A trip of over a 100 mls would be no more than 2 - 3 hrs. driving. Not enough time to put any great amount of charge back. 

Without actually checking the charge rate with a meter I would guess between 2 and 4 amps.. that would only be between 4 and 12 amp/hr 

Jim


----------



## apothecary (May 14, 2005)

*Leisure battery Problem- Solved, I hope!*

Hi everyone, many thanks for your help. I checked the voltage this evening and it was 12.20 volts. Ran engine and voltage eventually rose to 12.22 volts.( Wow!) 
I had thought about one of the relays being faulty but had no way of testing them. There are two relays under the bonnet, one of which obviously controlled the electric step, ensuring I can't drive off without the step being retracted, and the other whose function I couldn't work out.. I swapped the two relays to see if the other was faulty, but step worked fine. However, I then noticed the voltmeter had shot up to 12.72 volts. I can only assume the relay had jammed and the movement in swapping it over freed it. Is this a reasonable assumption?

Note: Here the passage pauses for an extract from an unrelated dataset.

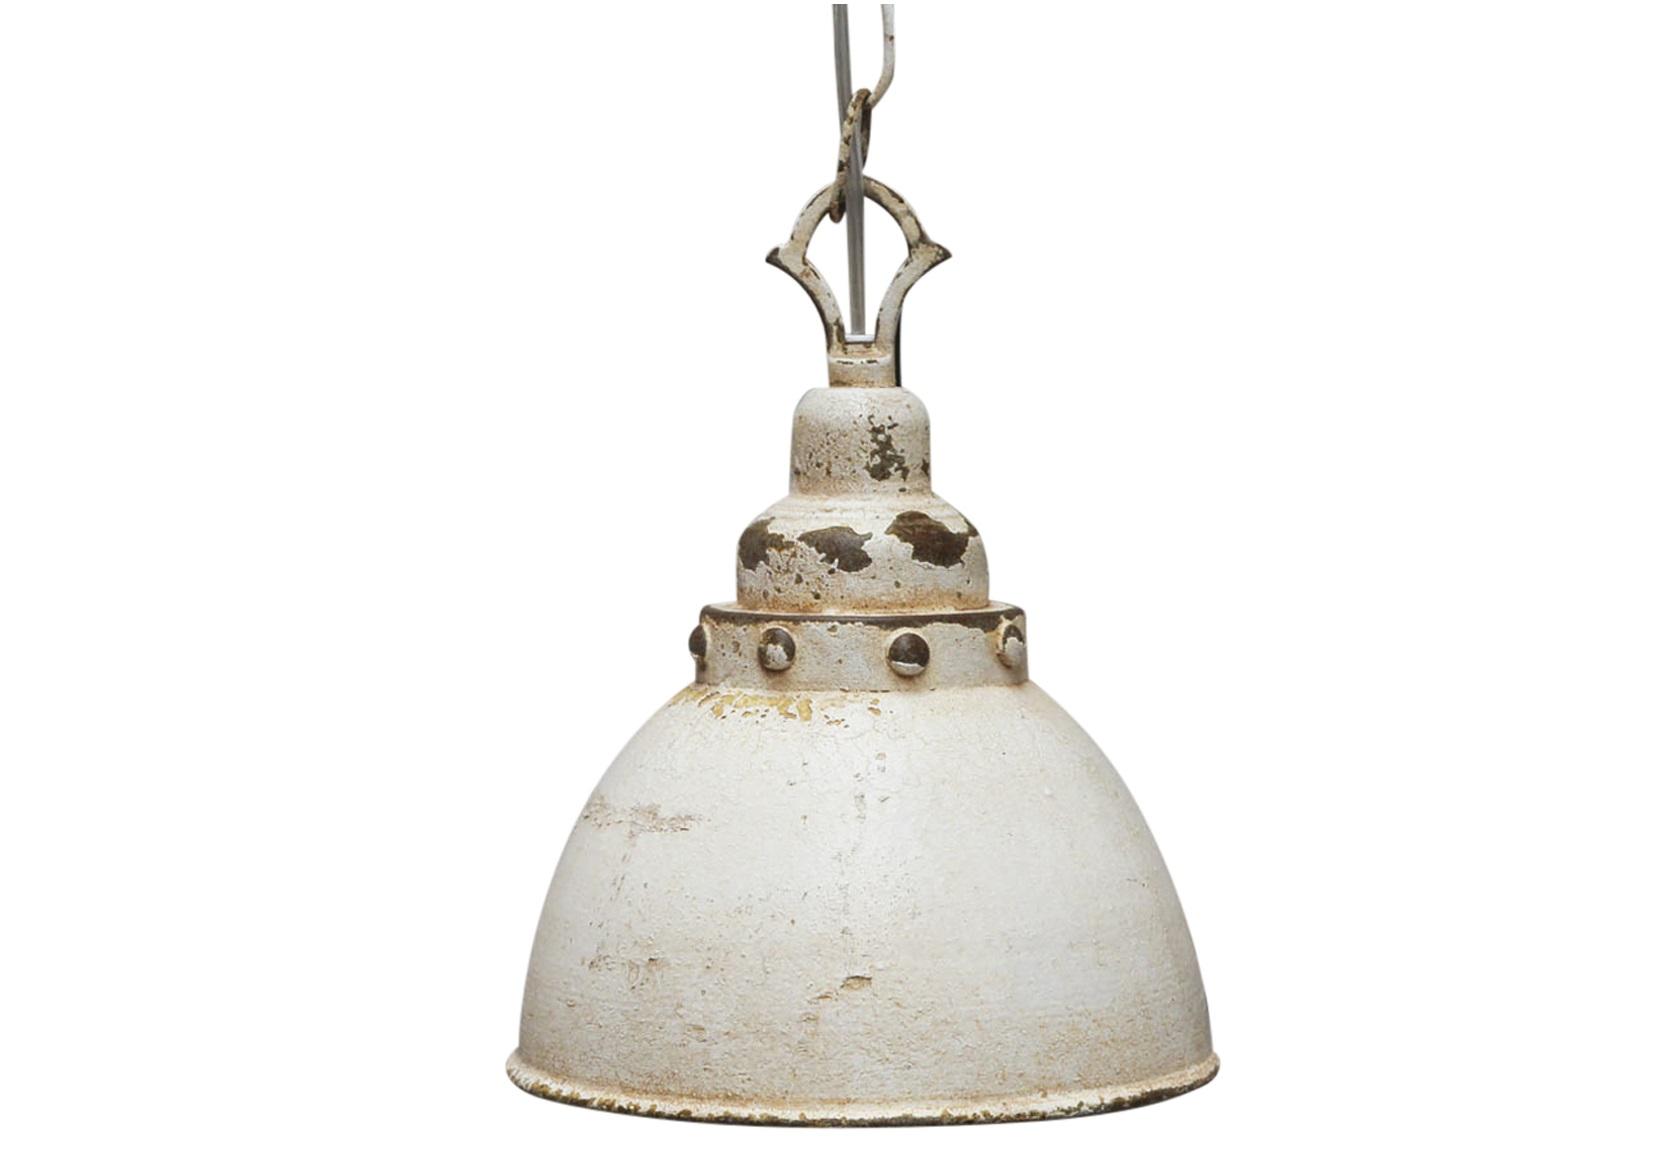 Подвесной светильникПодвесные светильники<br>&amp;lt;div&amp;gt;Вид цоколя: E14&amp;lt;/div&amp;gt;&amp;lt;div&amp;gt;Мощность: 60W&amp;lt;/div&amp;gt;&amp;lt;div&amp;gt;Количество ламп: 1 (нет в комплекте)&amp;lt;/div&amp;gt;&amp;lt;div&amp;gt;&amp;lt;br&amp;gt;&amp;lt;/div&amp;gt;&amp;lt;div&amp;gt;Материал: патинированный металл&amp;lt;/div&amp;gt;<br><br>Material: Металл<br>Width см: None<br>Depth см: None<br>Height см: 26<br>Diameter см: 19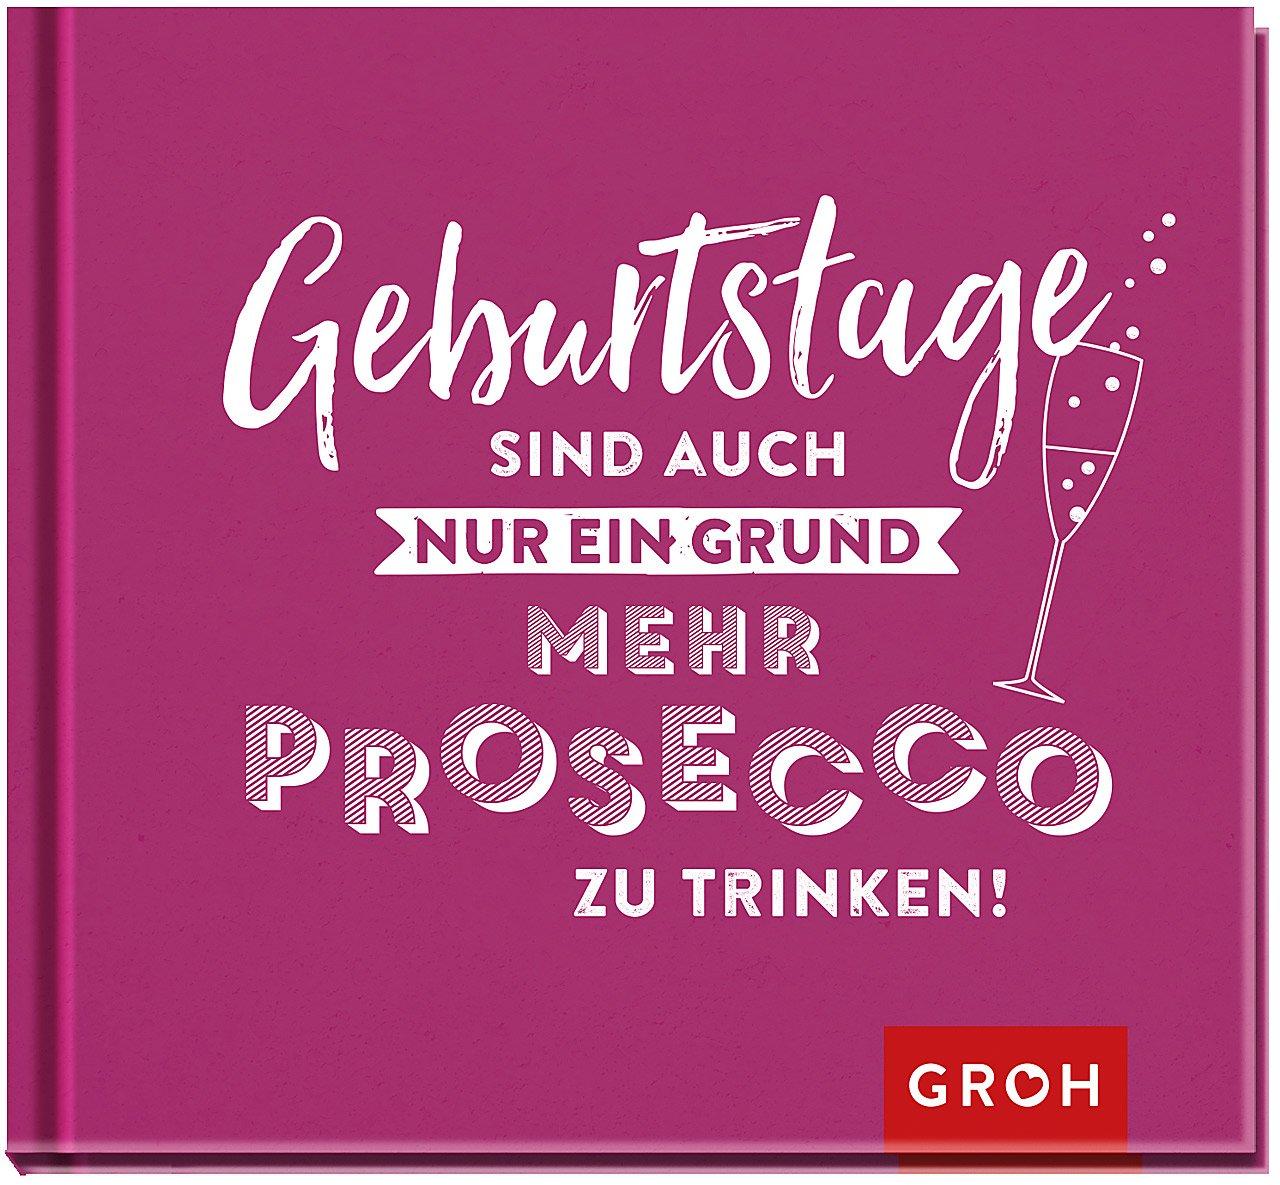 Geburtstage sind auch nur ein Grund, mehr Prosecco zu trinken

Finally, are there any ways of testing if a relay is functioning properly? (Other than buying a new one!)

Again, many thanks for all your help

Regards

Apothecary


----------



## DABurleigh (May 9, 2005)

Test the relay with a cheap multimeter from Maplins for under a fiver; always a good thing to have in the motorhome.

Dave


----------



## 91929 (May 1, 2005)

Correct Jim Lad 2 x 110 AH is 220AH at $a you would require approx 55 hrs driving 

Why not connect to the mains & give them a charge via the 'Zig or whatever' 

But do as previously said and check that there is a voltage at the tconnecters to the battery with them disconnected and engine runing & switches to touring


----------



## haylingchrist (May 15, 2005)

If it's not a fuse problem, then perhaps your relay is not man enough - 220ah of battery will accept a lot more current than 85ah.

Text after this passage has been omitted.